Lucía’s case has quickly become another battleground in the national movement for reproductive rights in Argentina. Women’s rights groups have suggested that the provincial politicians of Tucumán intentionally obstructed Lucía’s care to force her to undergo a live birth. In August 2018, shortly after Argentina’s National Congress rejected a bill which would authorize voluntary abortion, the local legislature of Tucumán passed a resolution officially declaring Tucumán a “pro-life province.” The resolution invited the municipalities of Tucumán “to develop activities and actions in favor of the two lives [the lives of the mother and the fetus].” Although Argentinian provinces are required by federal law to uphold the right of a woman to a legal interruption of pregnancy, compliance with this law has been inconsistent at the subnational level. The motto of “saving both lives” has become a rallying cry of pro-life activists and was included in a statement by the Tucumán government on Lucía’s case.

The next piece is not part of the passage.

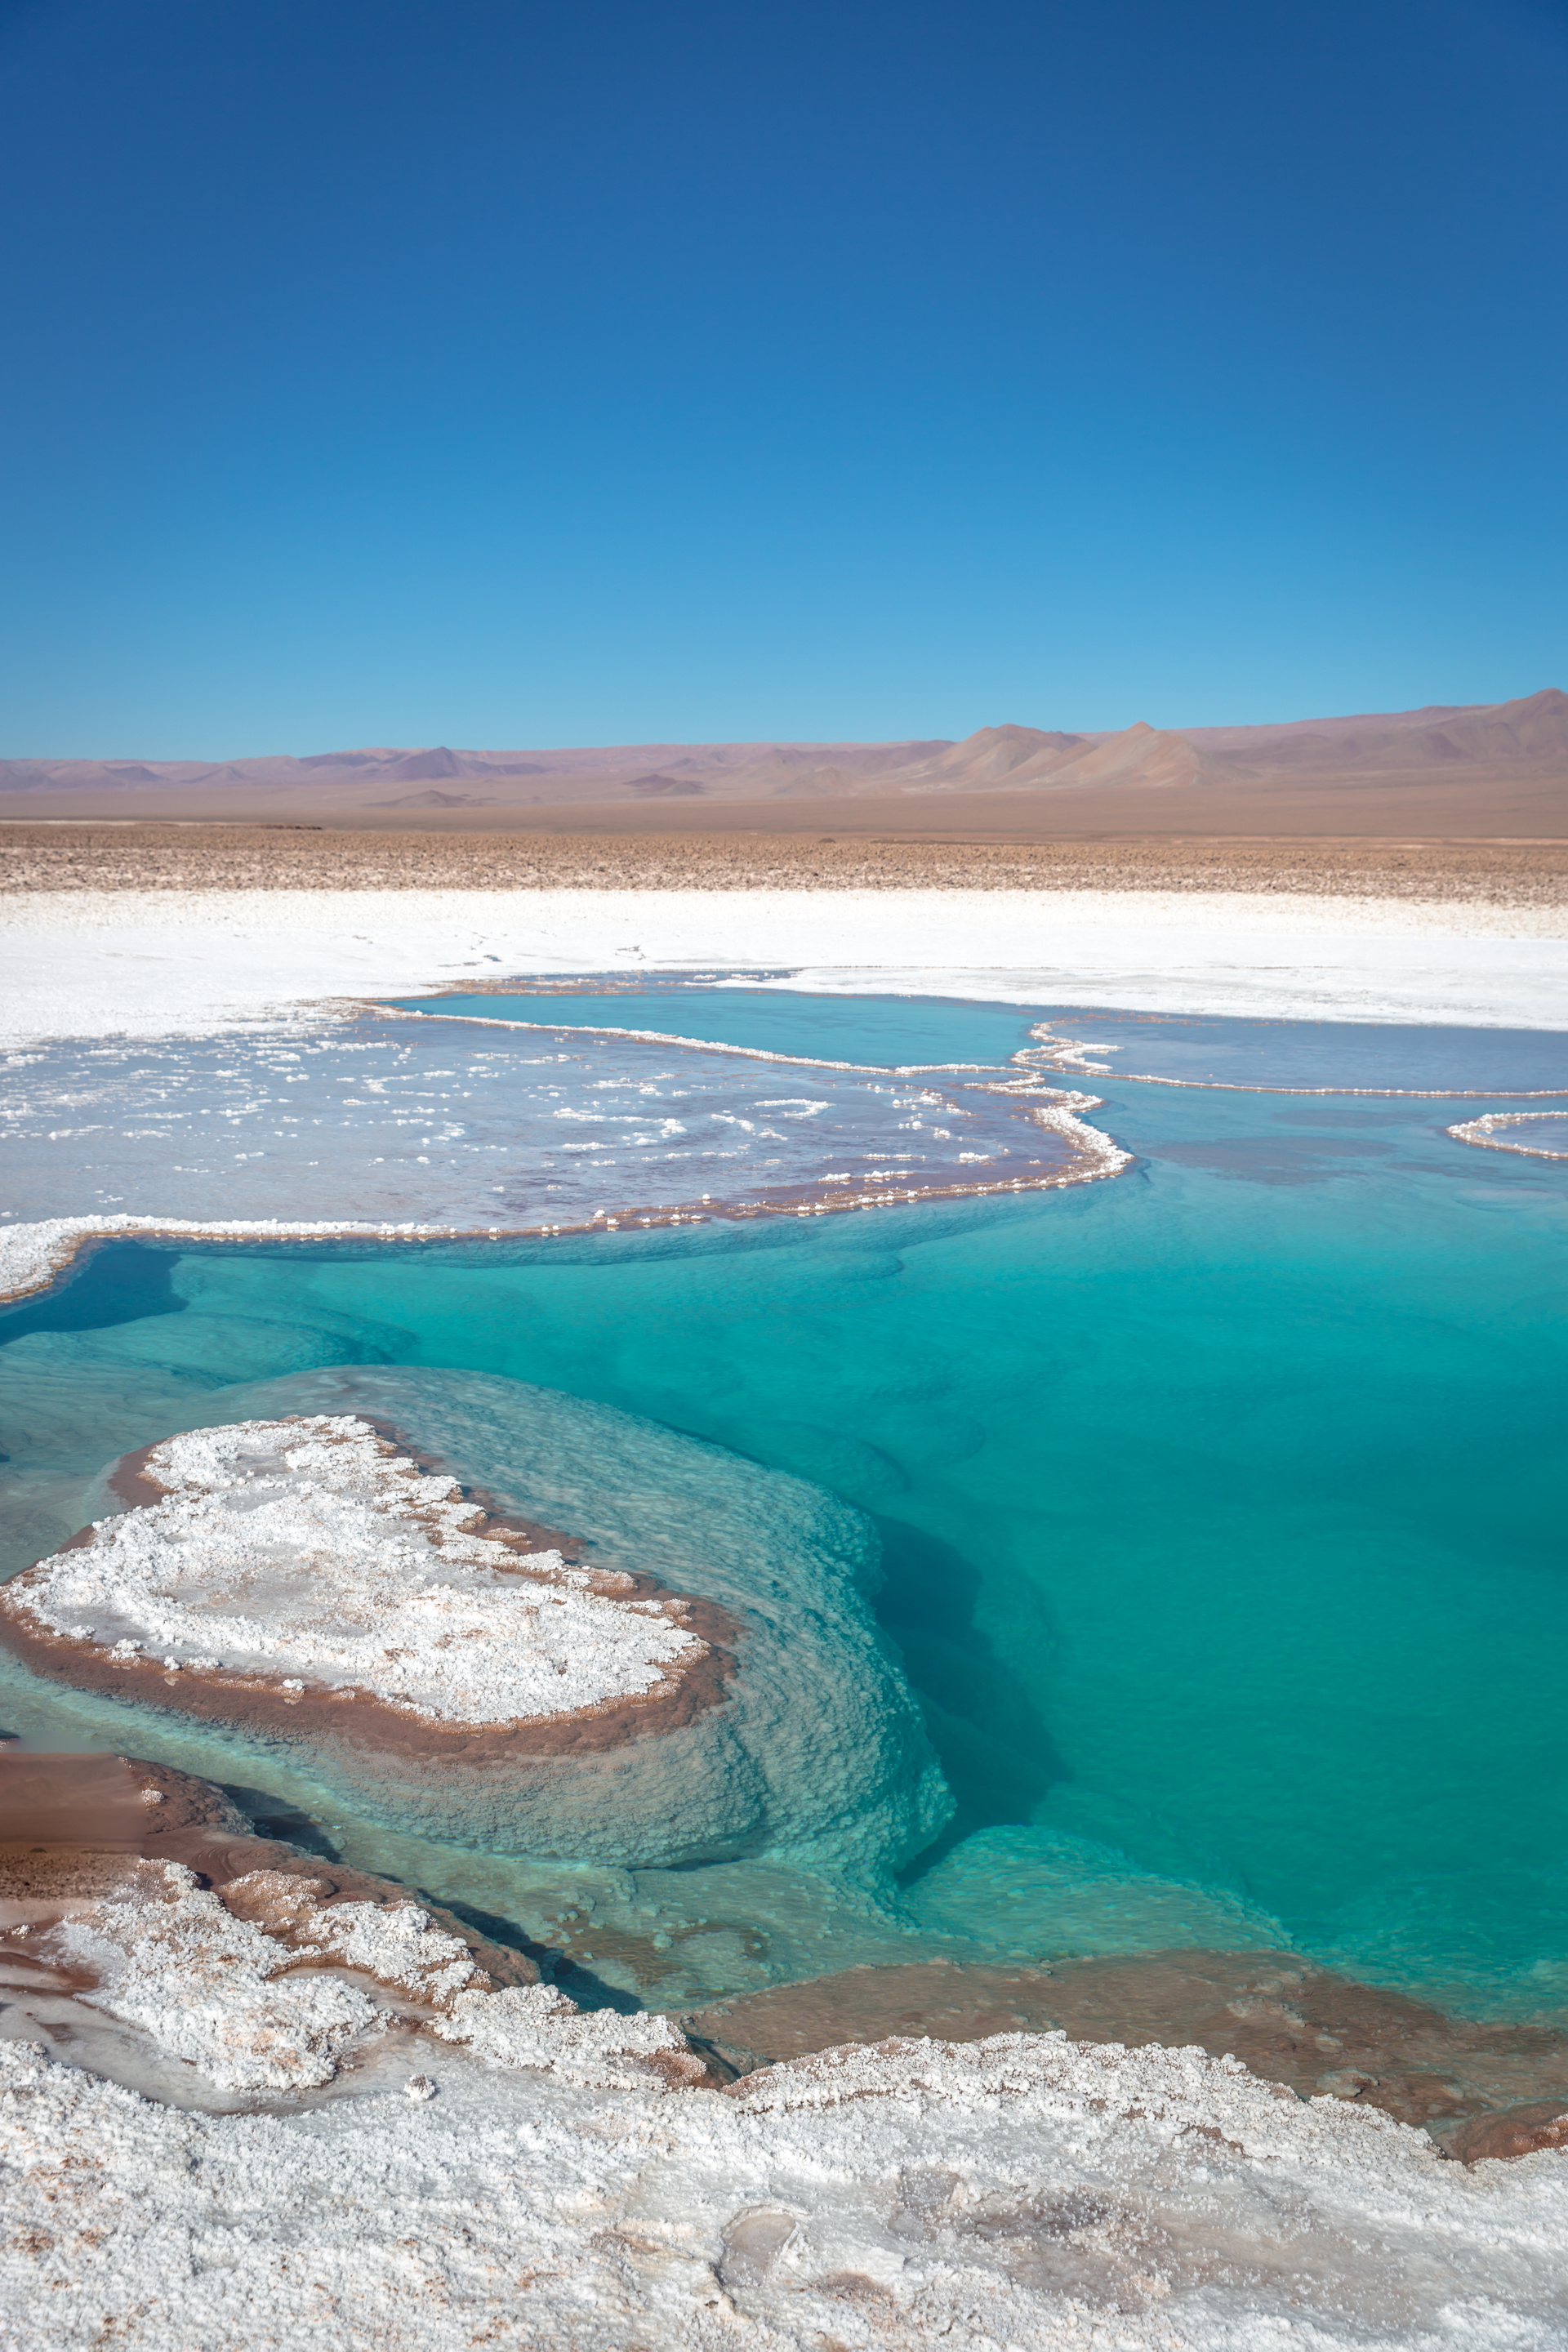 Salt formations in northern Chile - Atacama desert

Only 3 percent of women in Latin America currently live in countries where abortion is broadly legal. Women’s rights groups, freshly galvanized by Argentina’s near-legalization of voluntary abortion in 2018, have mobilized across the region in the fight for legal recognition of their reproductive rights. Lucía’s case and thousands of others like it show that the law remains only a partly effective tool against powerful and politically-entrenched pro-life attitudes, with tragic consequences for the most vulnerable of Latin American girls and women.